This invention relates to a vehicle engine ignition timing system of the type utilizing adaptive knock retard in which memory cells store slowly changed values based on sensed knock which are used to retard ignition timing. Such cells are preferably non-volatile so as to retain the values between periods of engine operation; and the values are thus available upon each re-initiation of engine operation.
Engine knock, however, is temperature dependent. There is a much greater tendency for an engine to knock at high engine temperatures than at low engine temperatures. When an engine becomes completely warmed up after some period of operation, its temperature is controlled to a substantially predetermined temperature, under normal conditions, by the coolant flow regulating action of a thermostatic valve. This temperature is typically much higher than the ambient temperature outside the vehicle engine compartment. During engine operation, the memory cells of the ignition timing system may be slowly adjusted toward greater retard by the increased knock at the higher temperature.

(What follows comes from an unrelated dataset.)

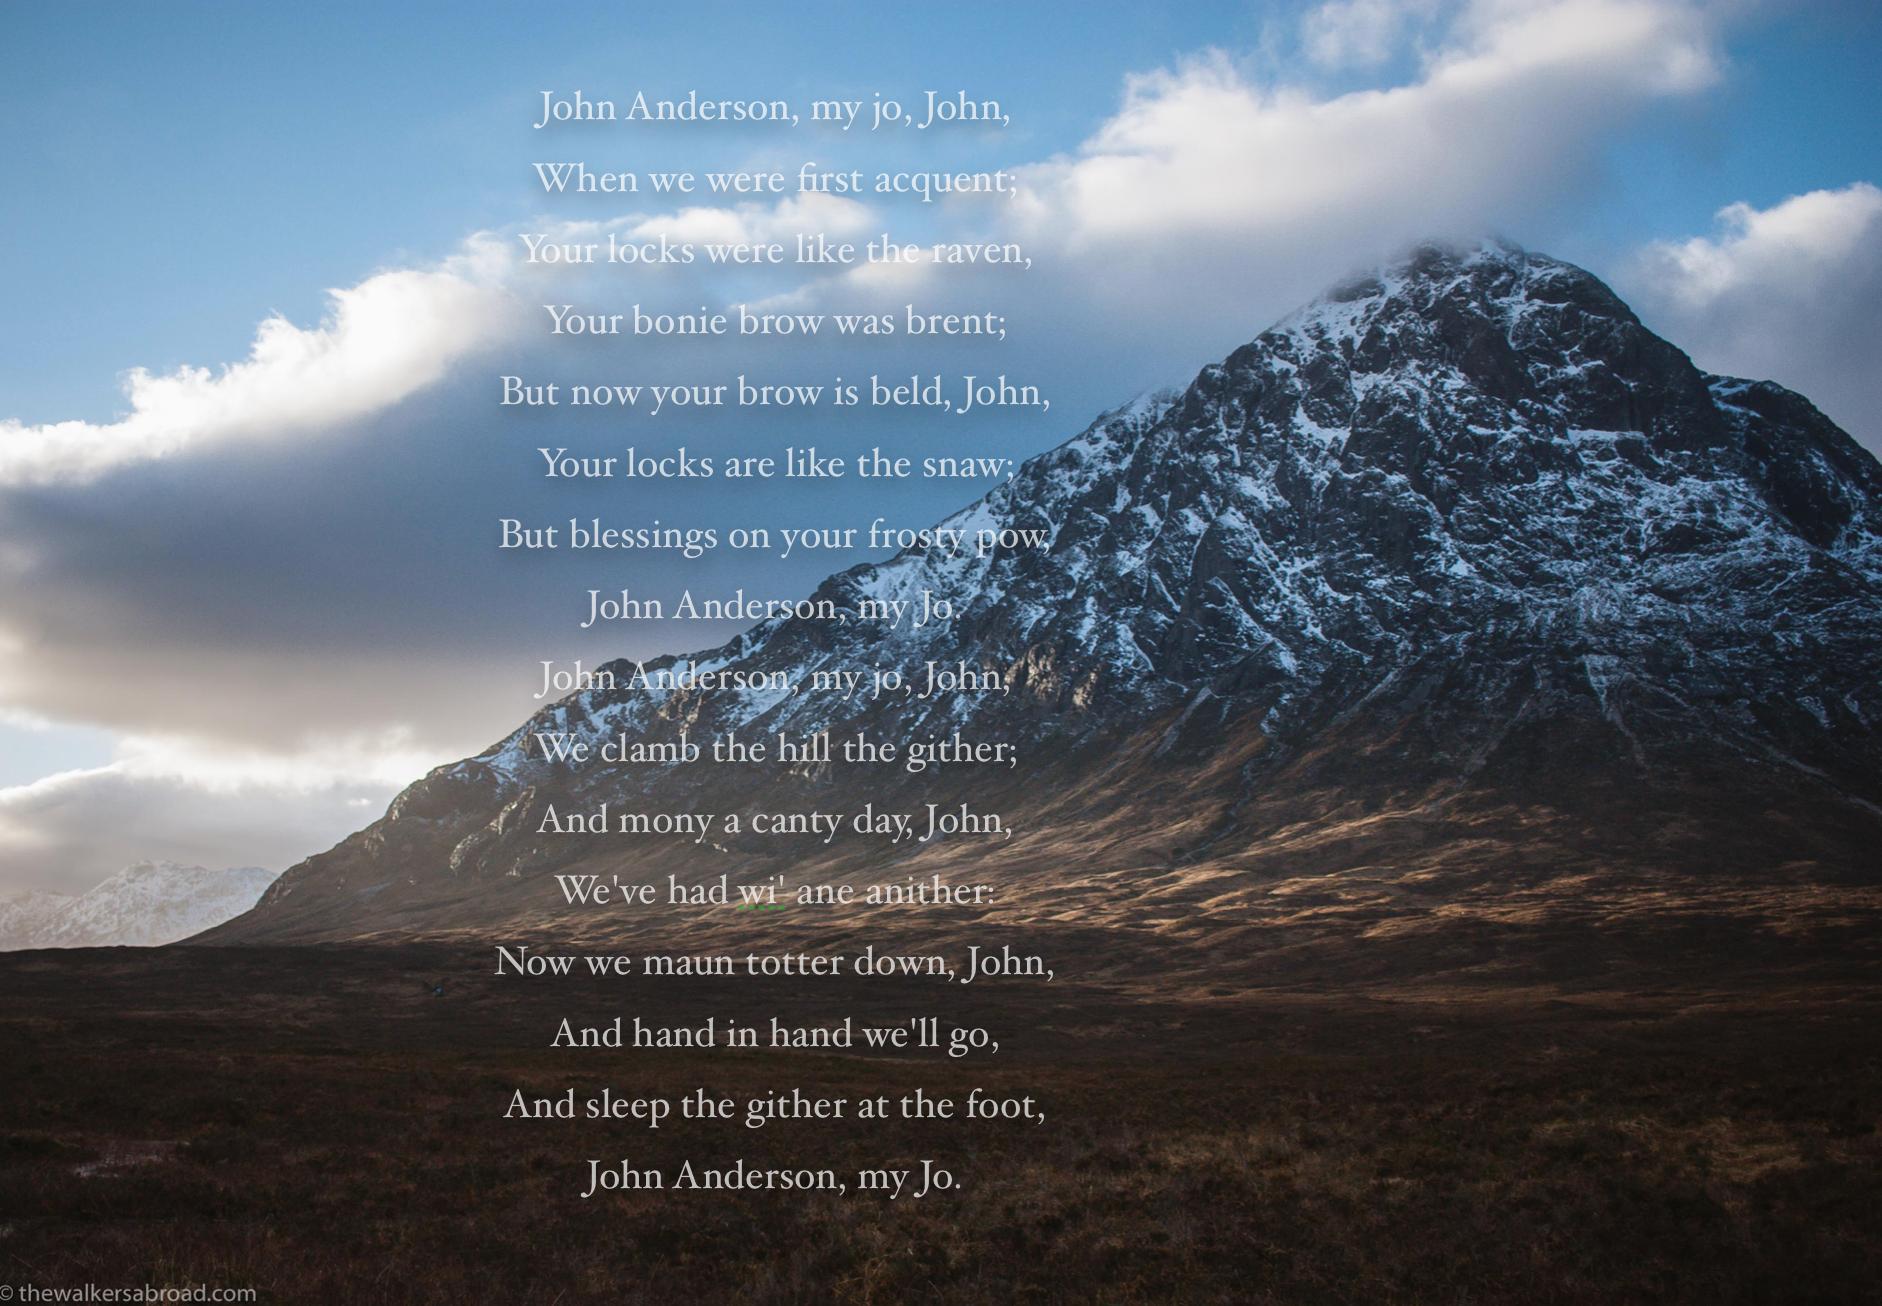 John Anderson, My Jo

However, after the engine has ceased operation for some time and cooled to the ambient temperature present outside the vehicle engine compartment, it has much less tendency to knock; and significantly less timing retard is desired. This is particularly the case where the vehicle has remained non-operated overnight and is started in the cooler ambient temperatures of the morning. In such cases, easier starts and smoother cool running may be obtained with less retard. However, the memory cells will take some time to gradually advance the timing; and, in fact, the engine control may be programmed to make no changes to the cells until the engine is fully warmed up and operating in a stable engine operating mode. This can leave the ignition timing less than optimally advanced during cold start and warmup.